> _MATERIAL PROVIDED_:
>>>>>

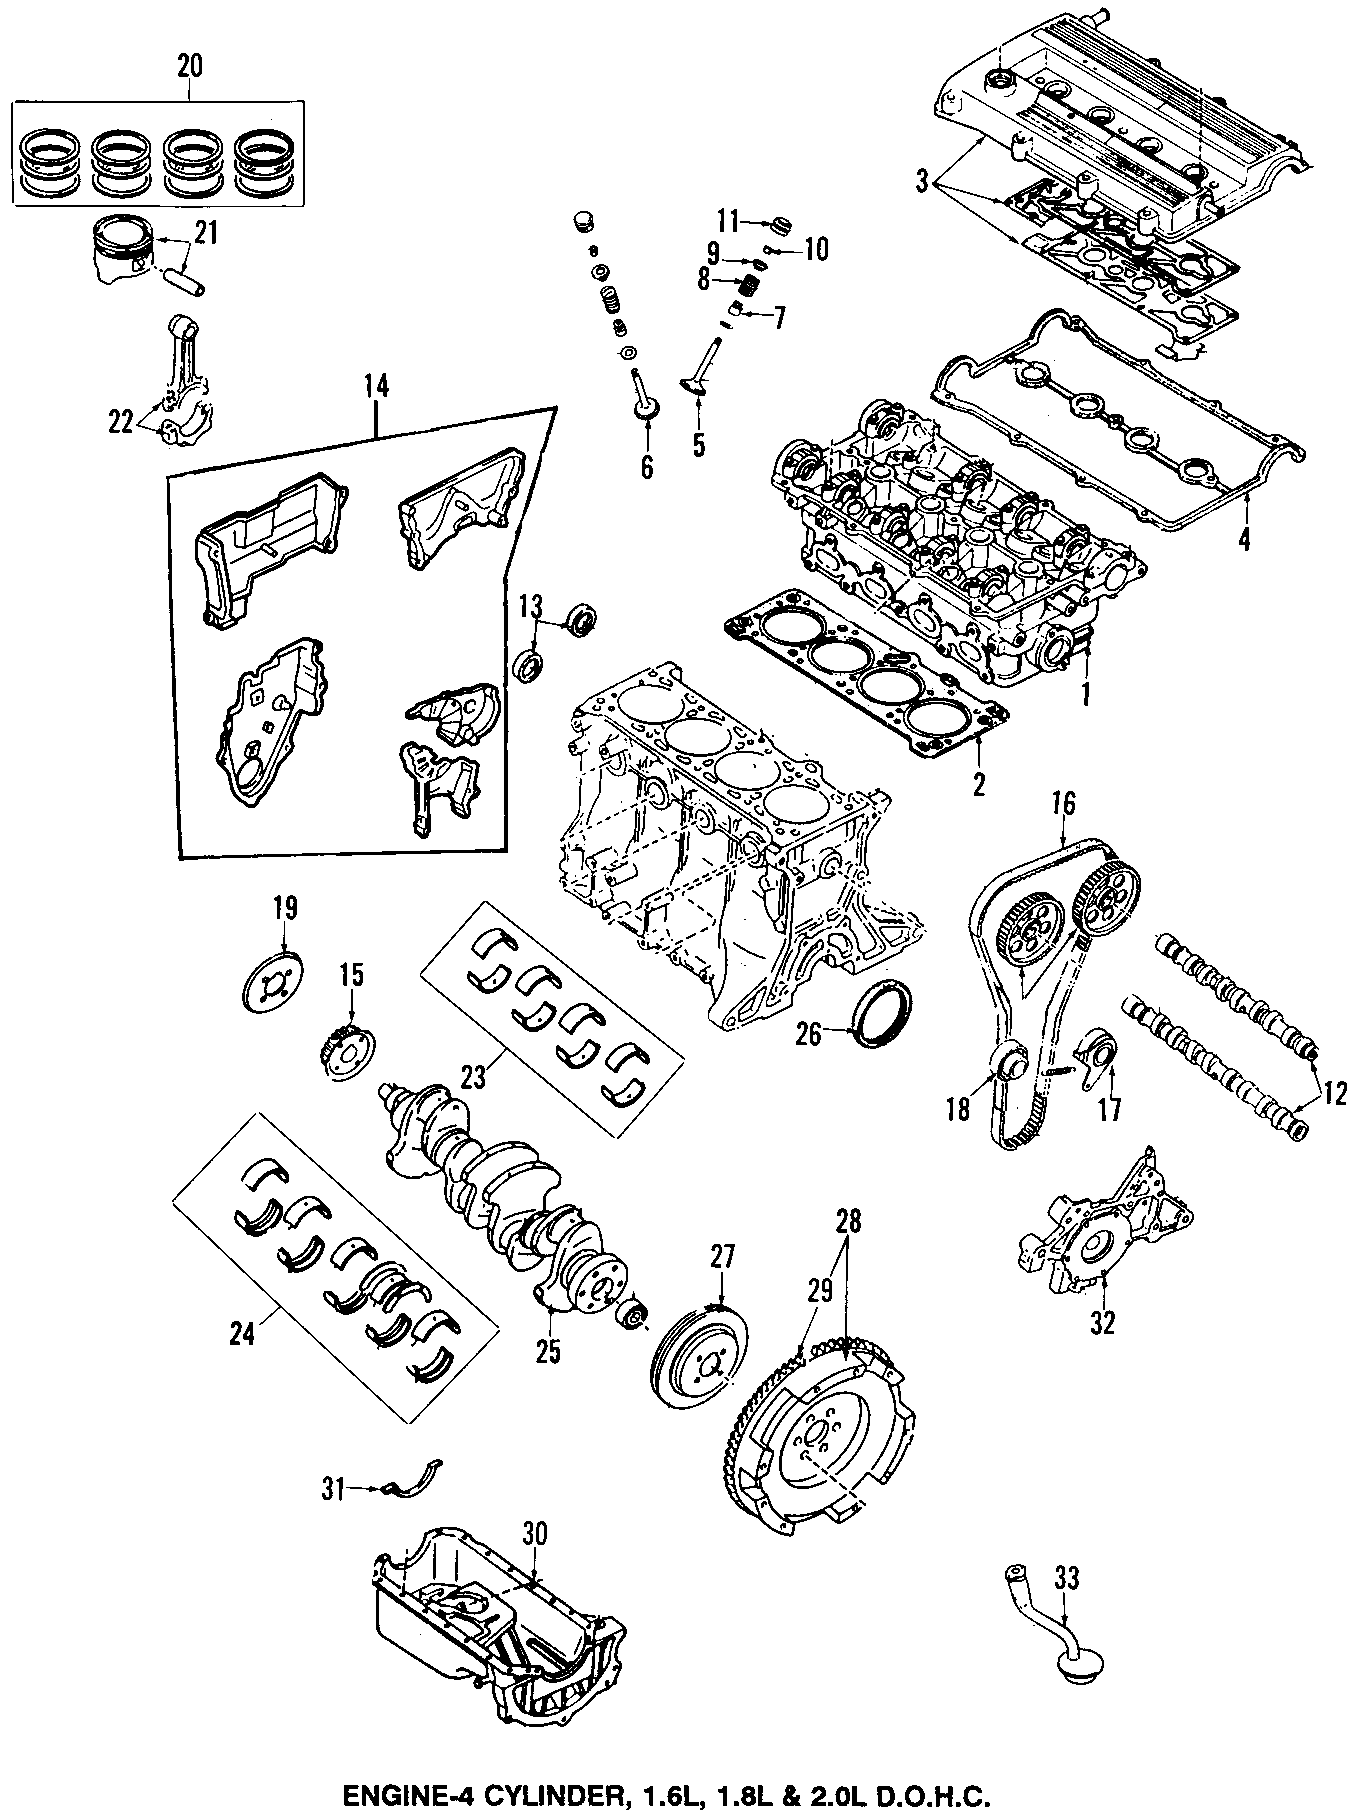 1996 Mazda Engine Connecting Rod - B6S711210E | charlotte ...
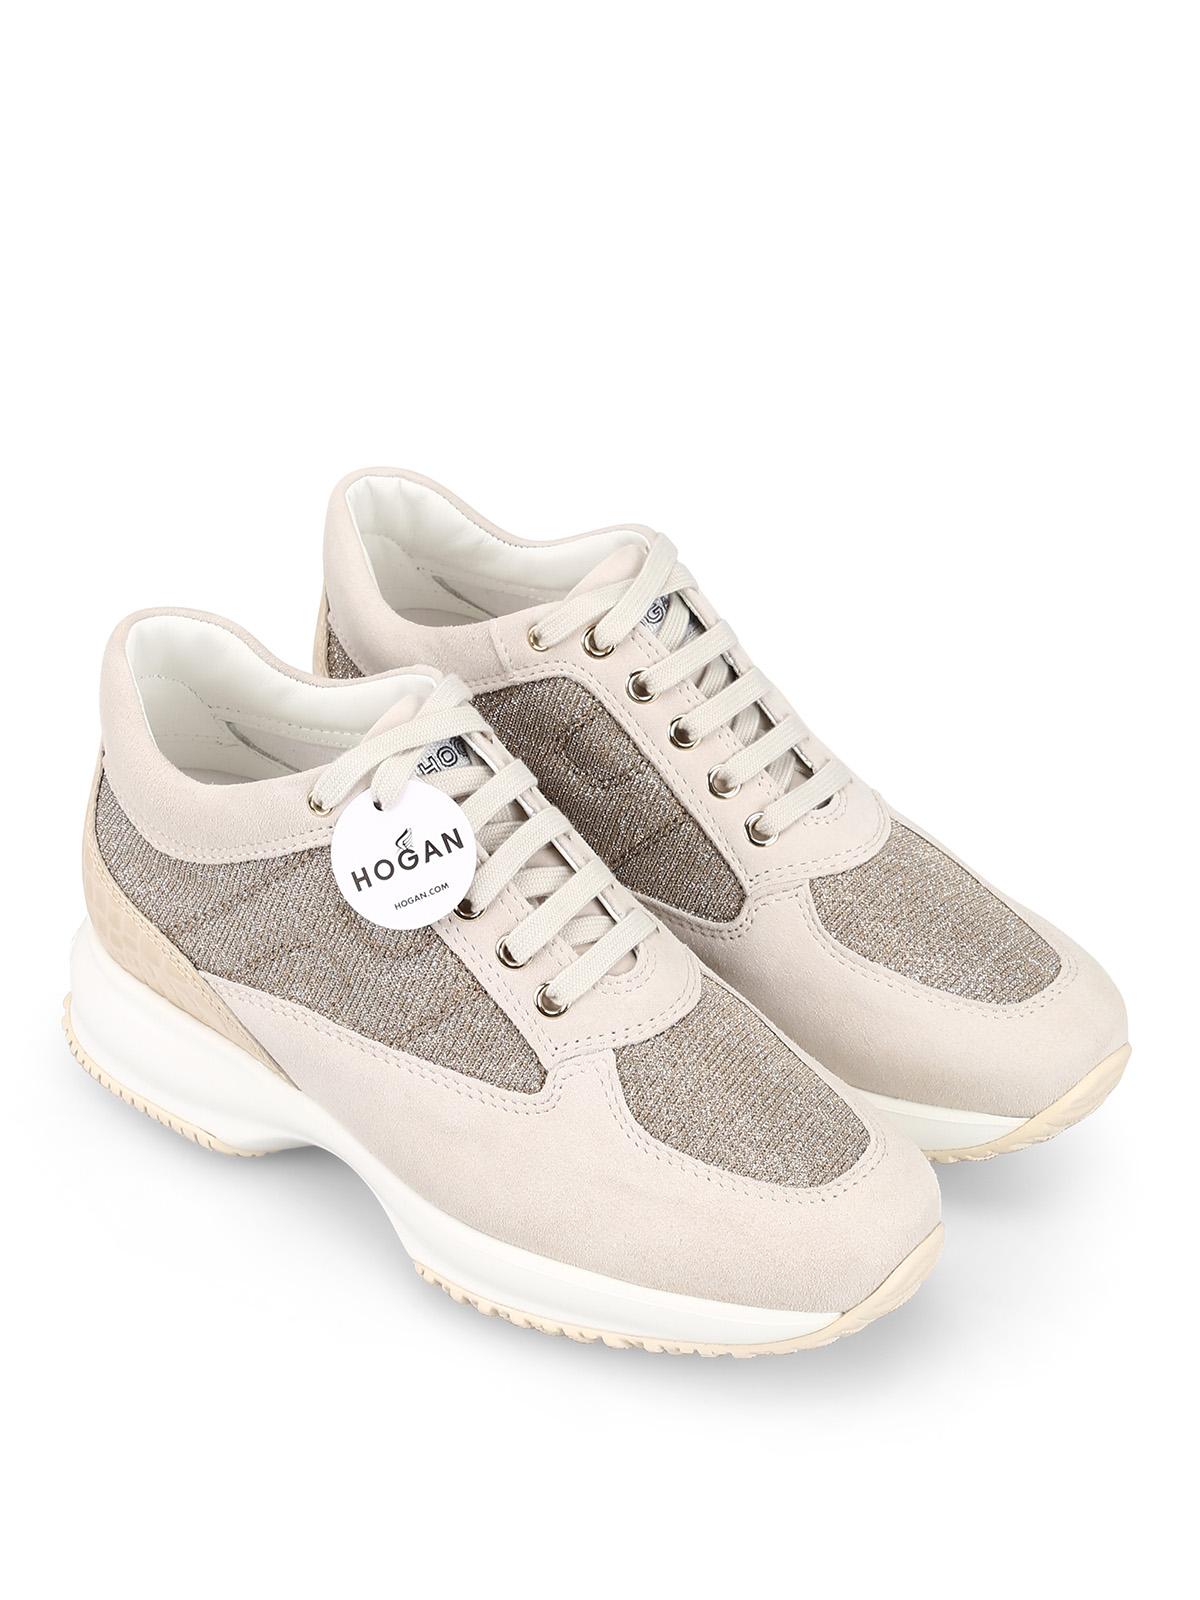 Trainers Hogan - Interactive beige suede and lurex sneakers ...
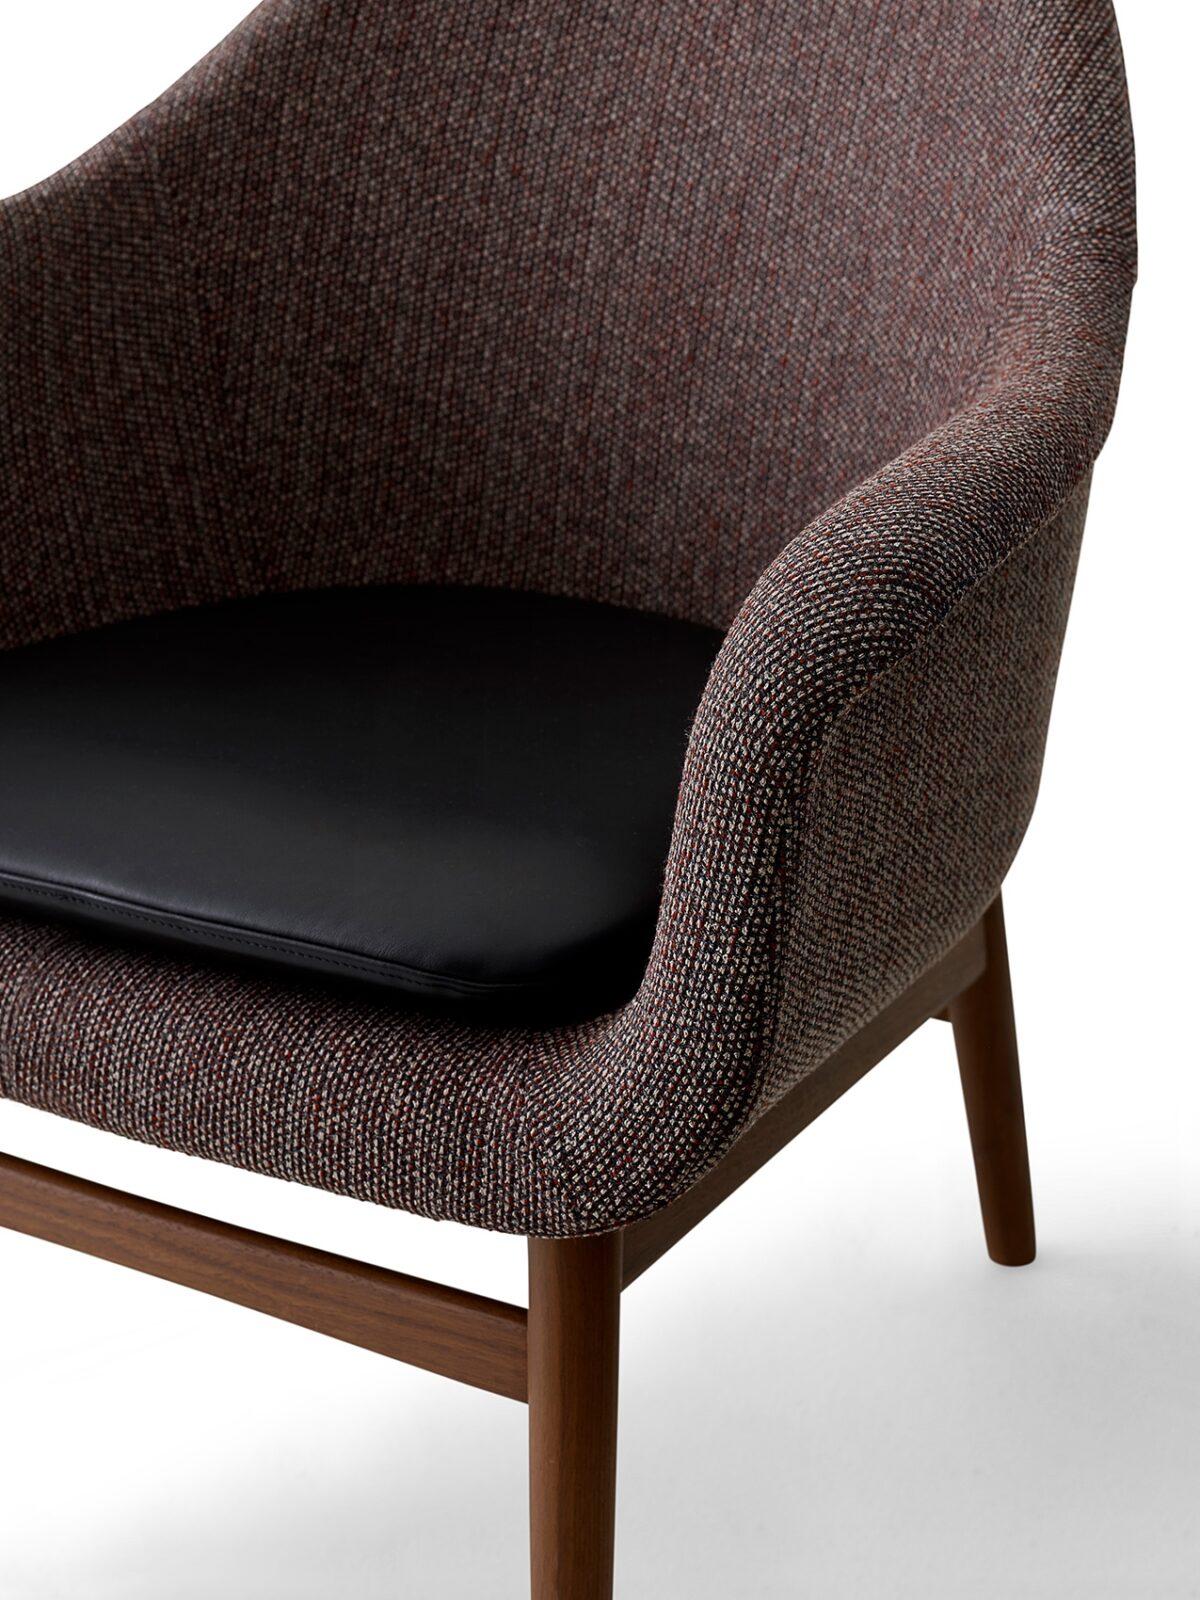 9255549 Harbour Lounge Low back Walnut Savanna 675 Shade Pitch black cushio up new

<<<<<

> _TASK STATEMENT_: Every line from the one bearing "Trainers Hogan - Interactive" through the end of the data above must be output exactly, and no picture may appear.

> _RESPONSE TO THIS EXERCISE_:
 Trainers Hogan - Interactive beige suede and lurex sneakers ...
 9255549 Harbour Lounge Low back Walnut Savanna 675 Shade Pitch black cushio up new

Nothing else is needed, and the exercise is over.